Activity:
The expected result is a word-for-word copy of the entries, minus any pictures.

(Beginning of Provided entries)

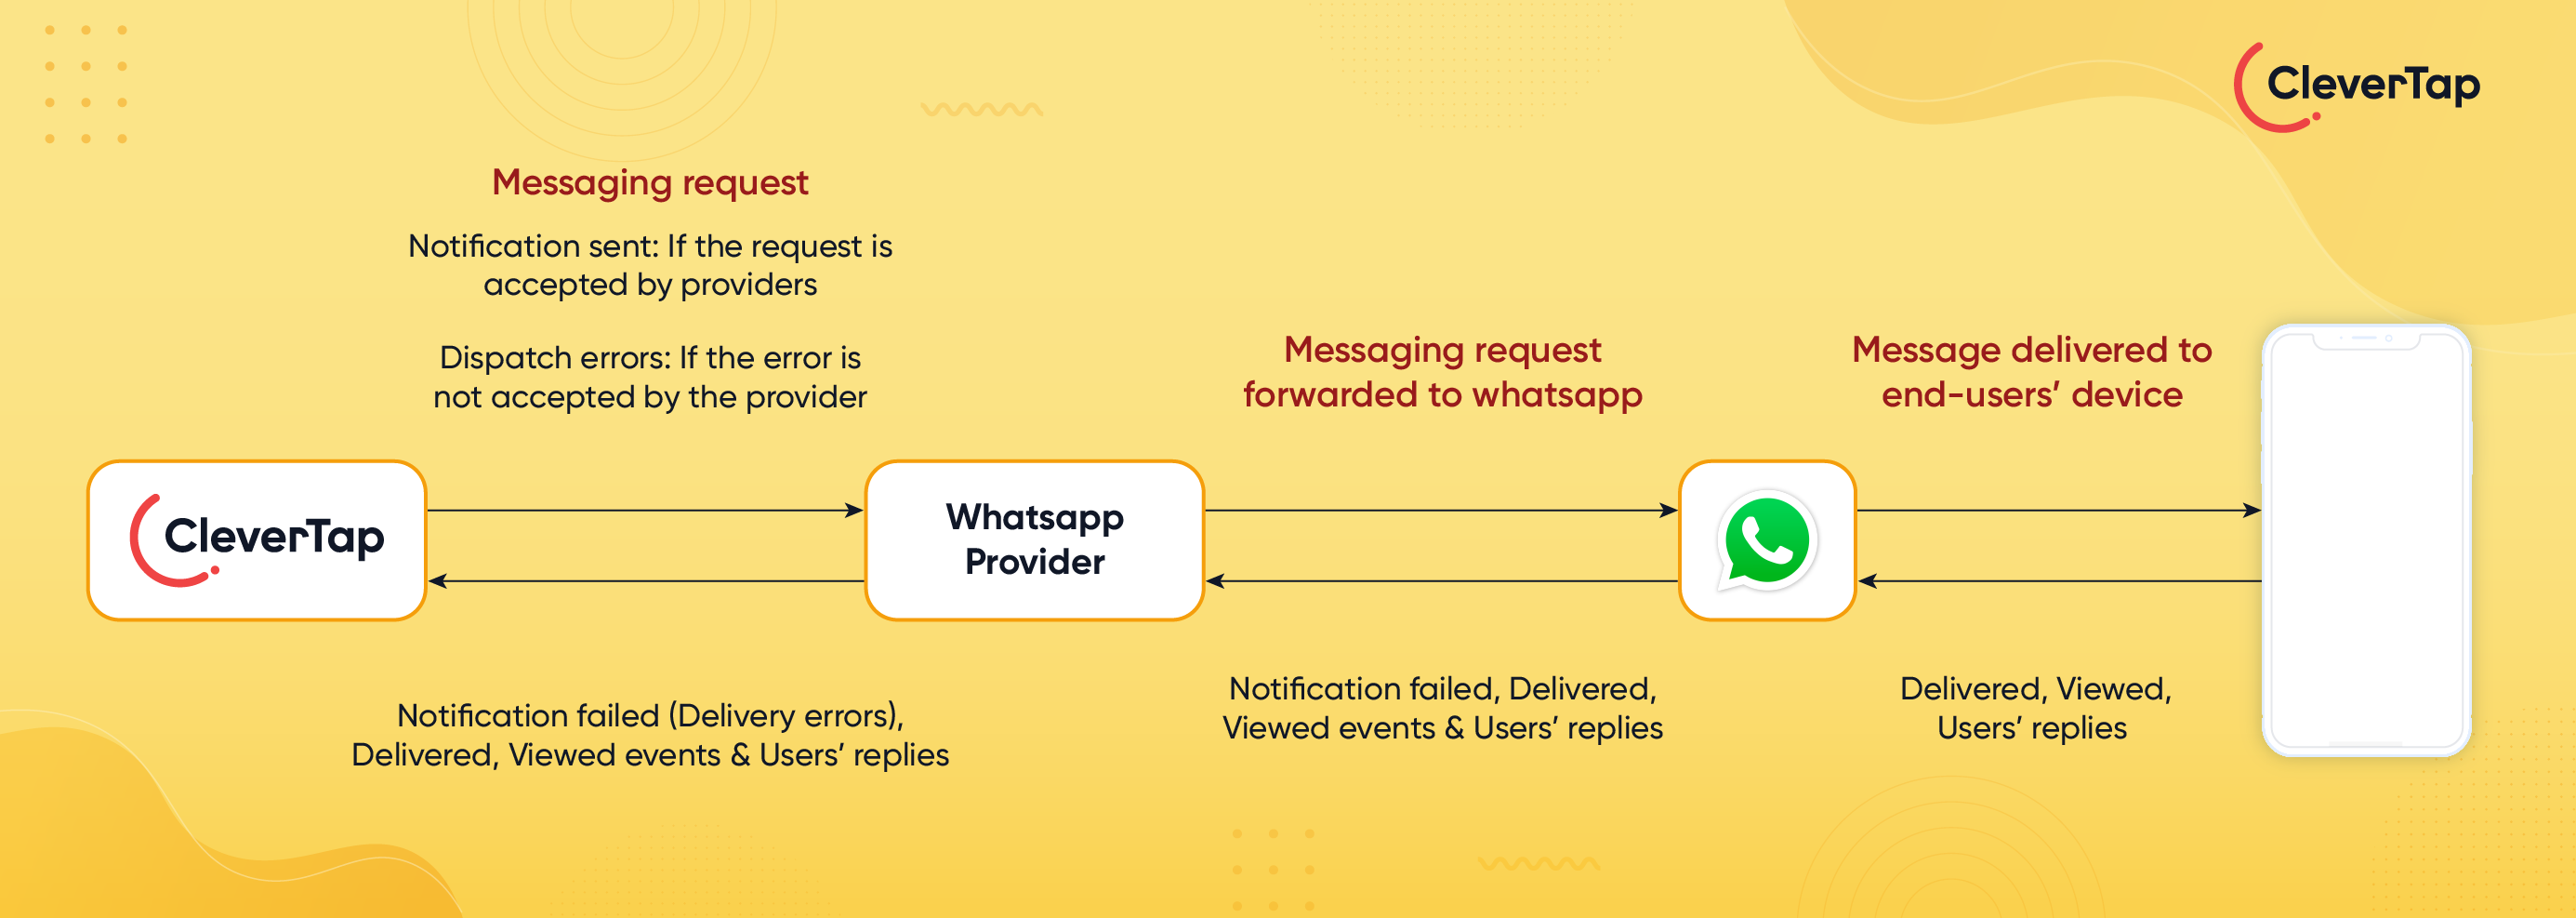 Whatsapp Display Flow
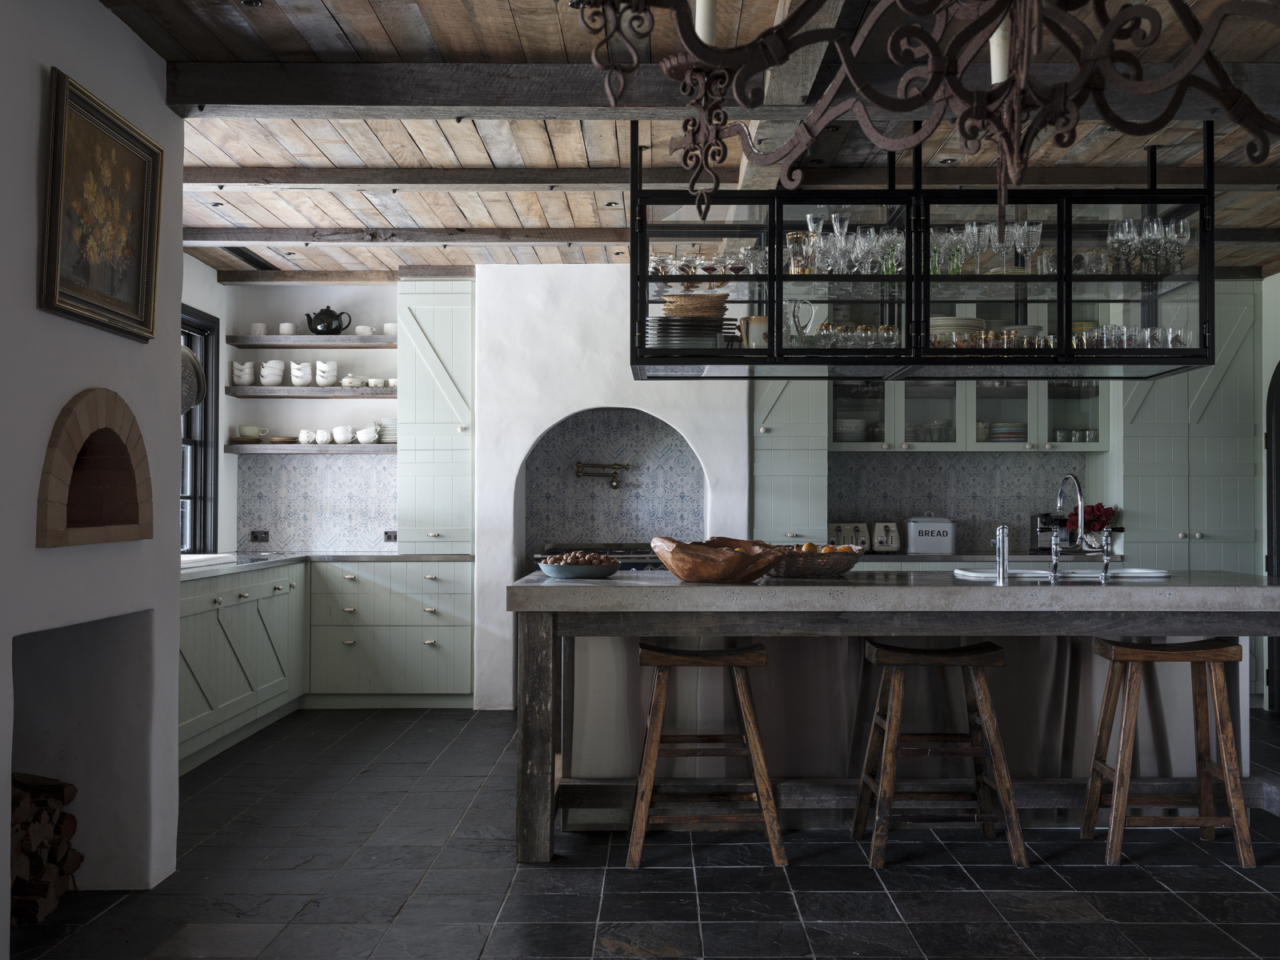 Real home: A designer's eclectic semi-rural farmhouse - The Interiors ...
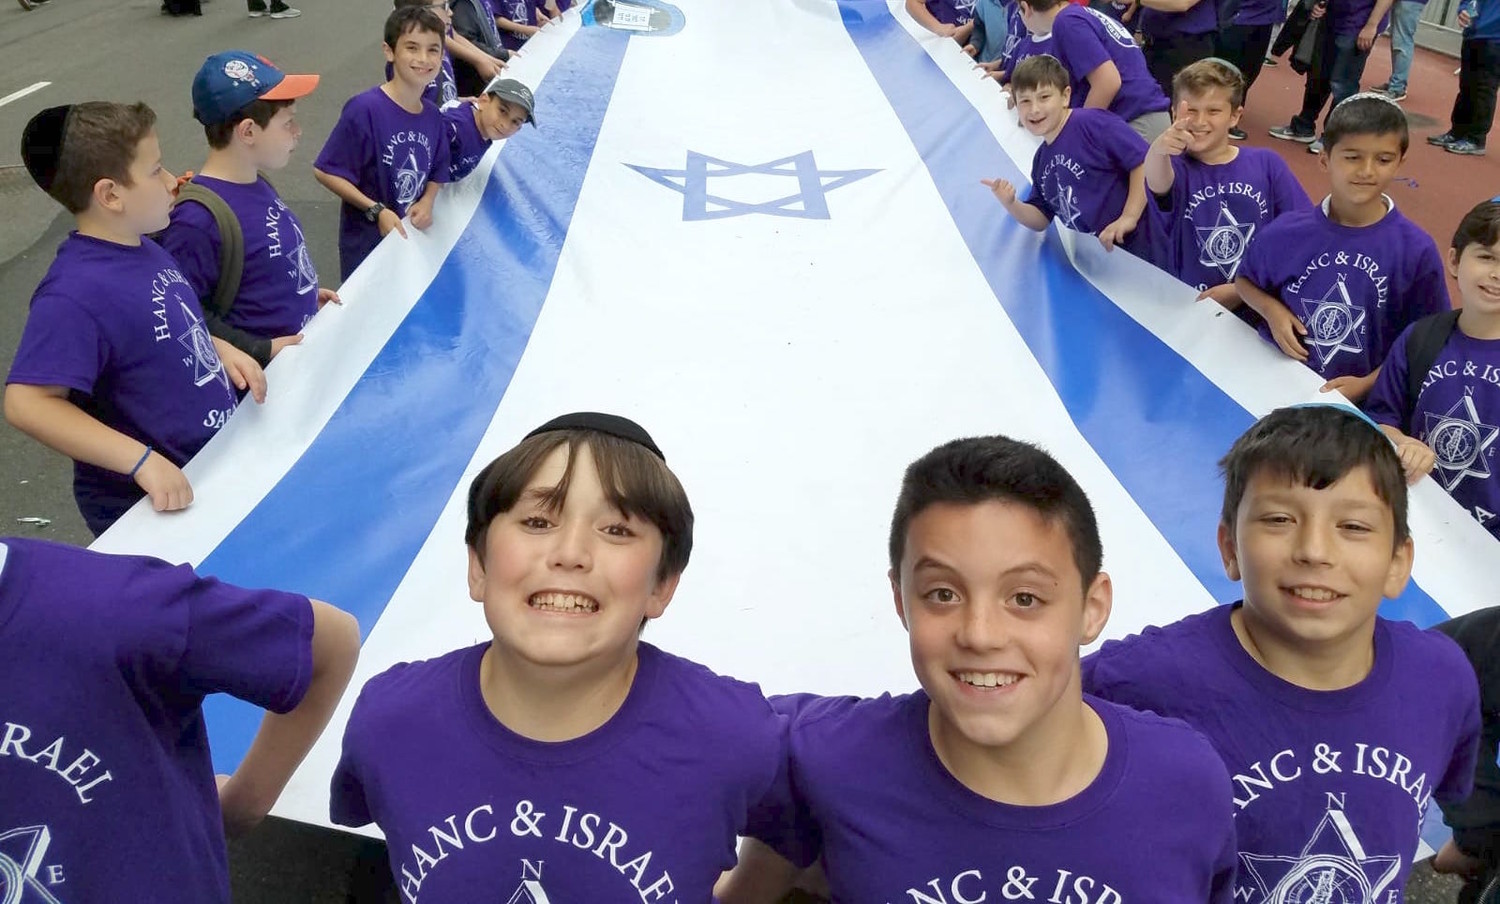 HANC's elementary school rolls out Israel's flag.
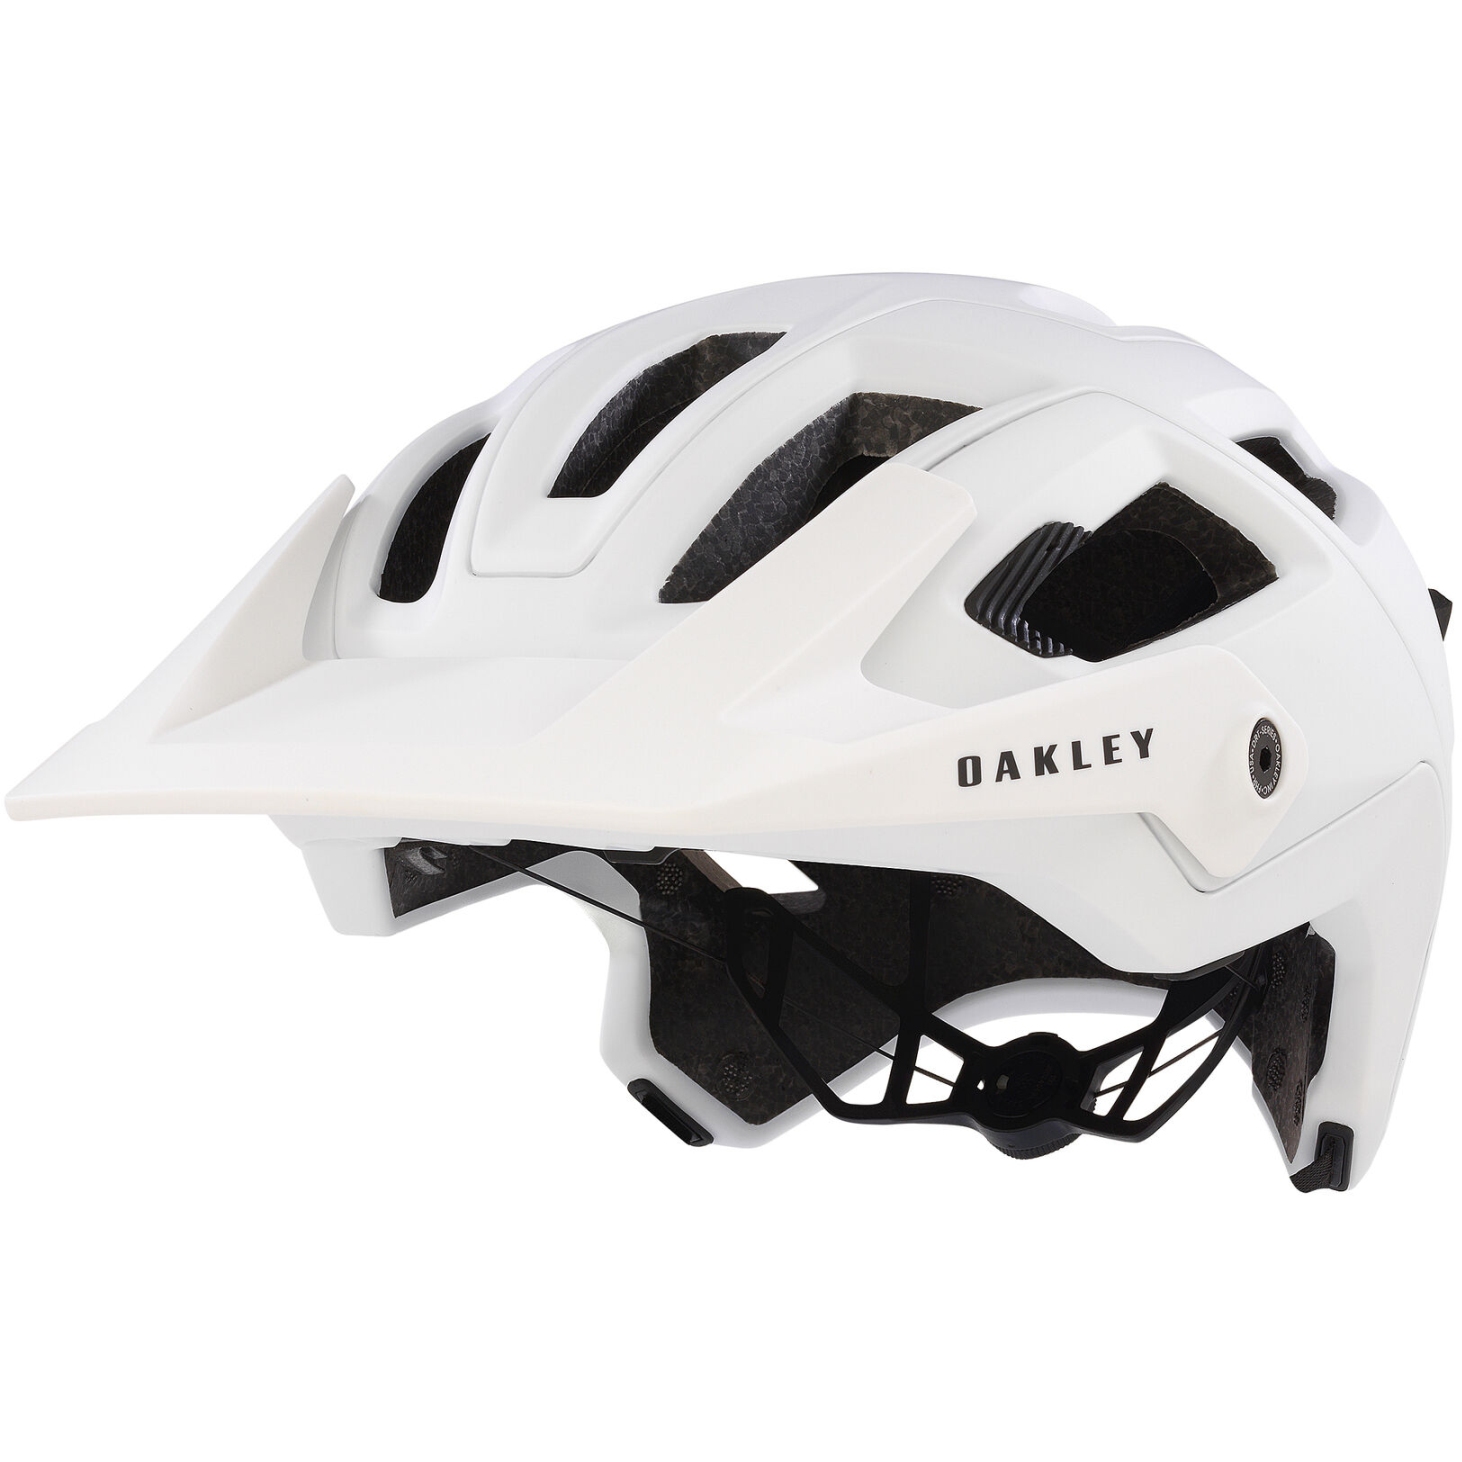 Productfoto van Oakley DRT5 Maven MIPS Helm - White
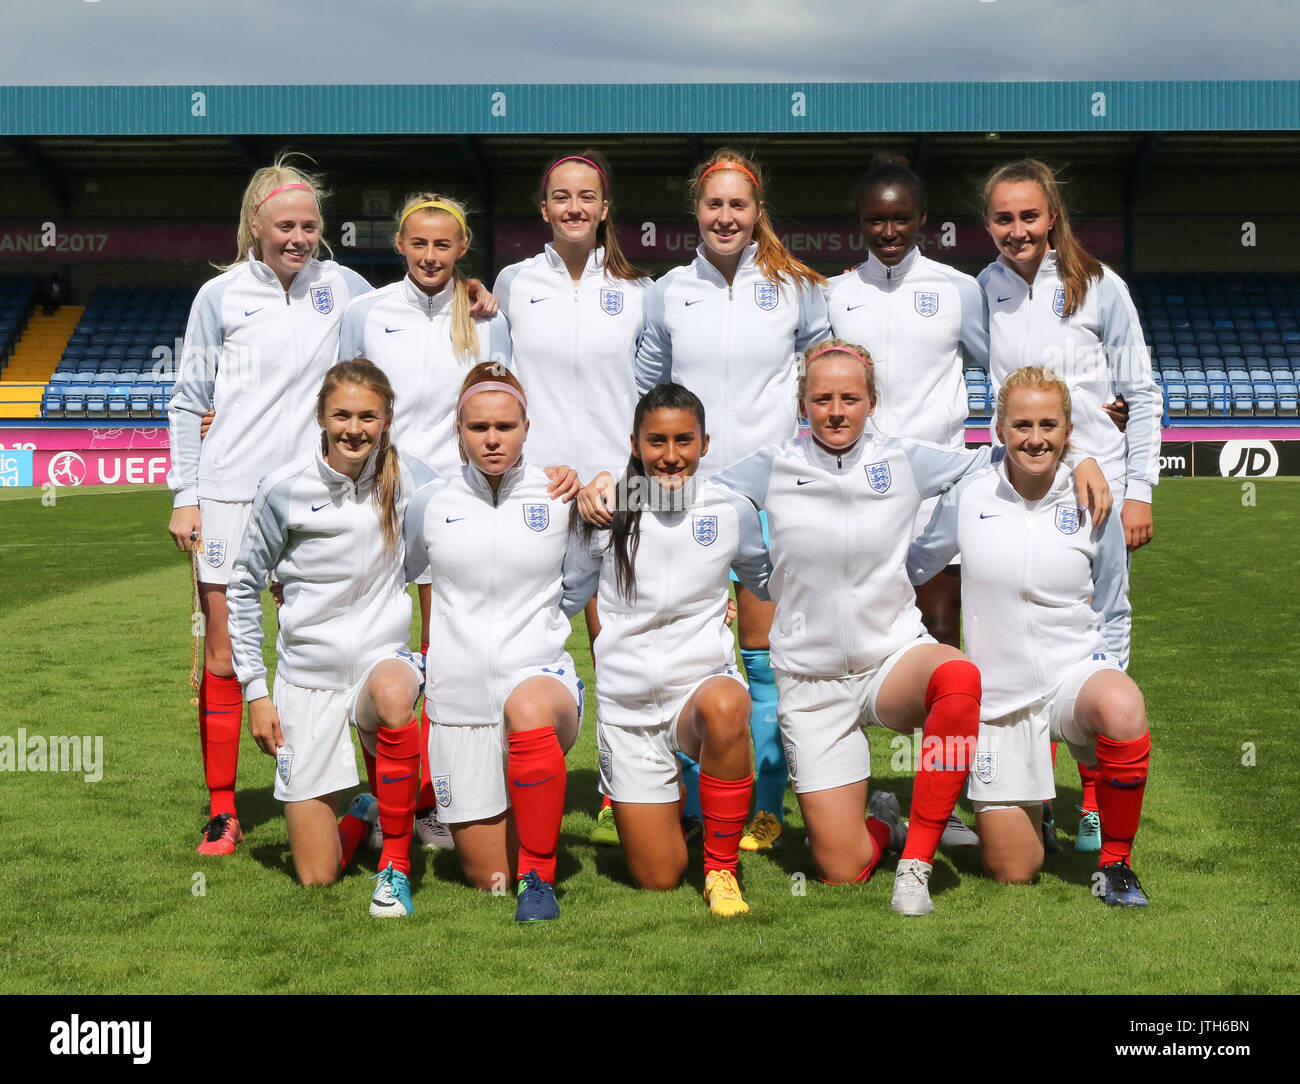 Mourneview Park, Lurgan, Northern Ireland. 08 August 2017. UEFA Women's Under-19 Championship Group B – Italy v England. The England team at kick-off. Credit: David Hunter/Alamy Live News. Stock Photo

(End of Provided entries)

Answer space:
 Whatsapp Display Flow
 Real home: A designer's eclectic semi-rural farmhouse - The Interiors ...
 HANC's elementary school rolls out Israel's flag.
 Productfoto van Oakley DRT5 Maven MIPS Helm - White
 Mourneview Park, Lurgan, Northern Ireland. 08 August 2017. UEFA Women's Under-19 Championship Group B – Italy v England. The England team at kick-off. Credit: David Hunter/Alamy Live News. Stock Photo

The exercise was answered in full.